Two sessions were required in seven of the nine patients. The complications included one case each of self-limited chest pain, fever, and pulmonary abscess. All patients had paraseptal and centroacinar emphysema, and bullae were seen in five patients. CT scans after the intervention revealed the induced atelectasis of treated segments.
Low-dose chest CT
All CT scans were performed on a 64-slice CT unit (Brilliance, Philips Healthcare). The team carried out standard noncontrast low-dose chest CT exams using a 0.8 mm collimation, 1 pitch, 120 kV, and 70 reference mAs. They obtained reconstructions with 1.2-mm contiguous slices (lung reconstruction algorithm) and 2-mm slices with 1 mm-overlapping (soft-tissue reconstruction algorithm). Minimum intensity projections identified emphysema (transverse and coronal plane, slice thickness of 5-10 mm).
The CT scans were analyzed to measure total and lobar lung volume. Semiautomatic quantification of each pulmonary lobe was performed, and a region of interest was manually traced delineating each pulmonary lobe on axial images. Sagittal and coronal reconstructions were reviewed to verify that the segmentation followed the anatomical compartment boundaries properly. Two cases were analyzed by both observers to check for interobserver variation in the fissure-tracing technique.
The investigators retrospectively reviewed CT exams performed at baseline and 12 weeks after bronchoscopic lung volume reduction, recording treated pulmonary segment, type of emphysema, emphysema predominance, qualitative evaluation of volume loss, and presence of cavitation or pseudocavitation within the induced consolidation.

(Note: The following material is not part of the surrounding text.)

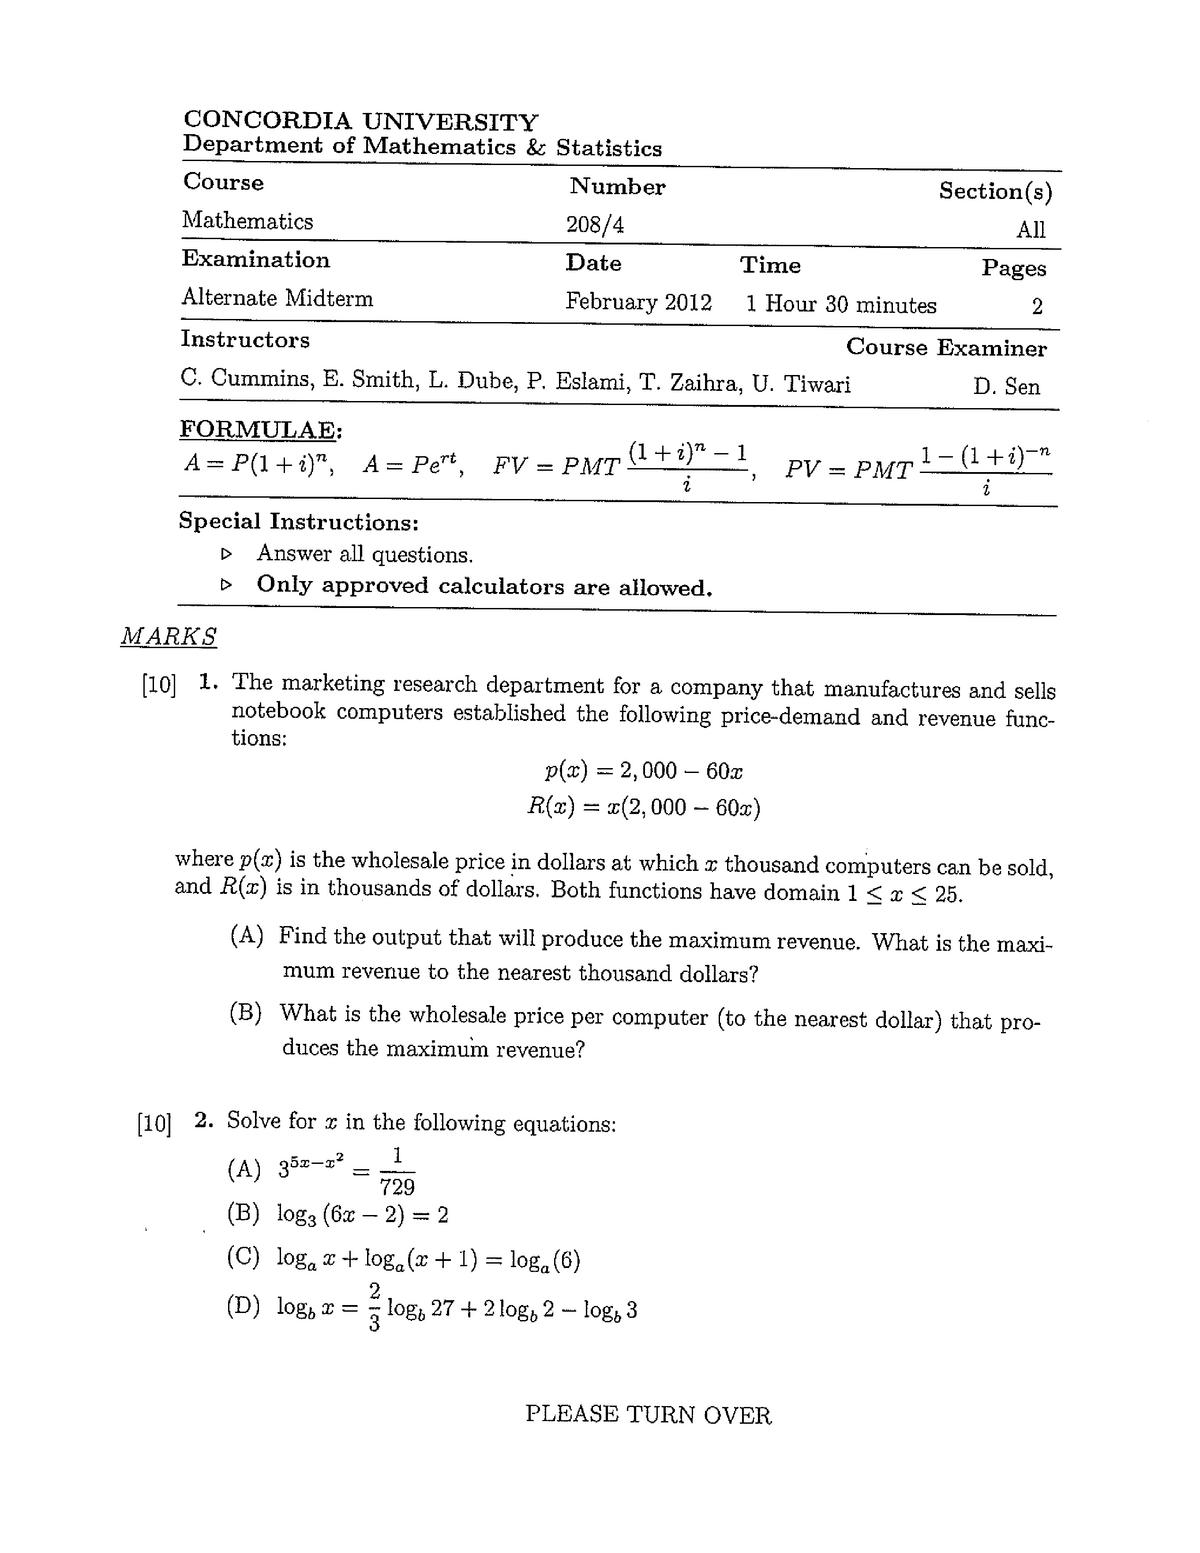 Exam 2009 - MATH 208: Fundamental Mathematics I - StuDocu

They compared the changes in the pulmonary volume within the upper lobes with the nonupper lobes (right middle and right lower lobe were considered right nonupper lobe). Qualitative volume loss was depicted in seven cases. Pseudocavities within the induced atelectasis were noted in two patients. These air-filled spaces within consolidated lung may correspond to trapped residual emphysema, air from adjacent communicated bronchi secondary to remodeling and retraction by the inflammatory tissue or sterile necrosis. These findings should not be misinterpreted as abscess, the authors pointed out.
The mild increase in volume found in the nonupper lobes (2,617.7 mL vs. 2,792.8 mL) was not statistically significant. The upper lobes significantly decreased in volume after (3,175.6 mL vs. 2,806 mL). The right nonupper lobes significantly increased in volume (1,387.6 vs. 1,527.3mL). Total lung volume did not change significantly (5,793.2 mL vs. 5,598.8 mL), they concluded.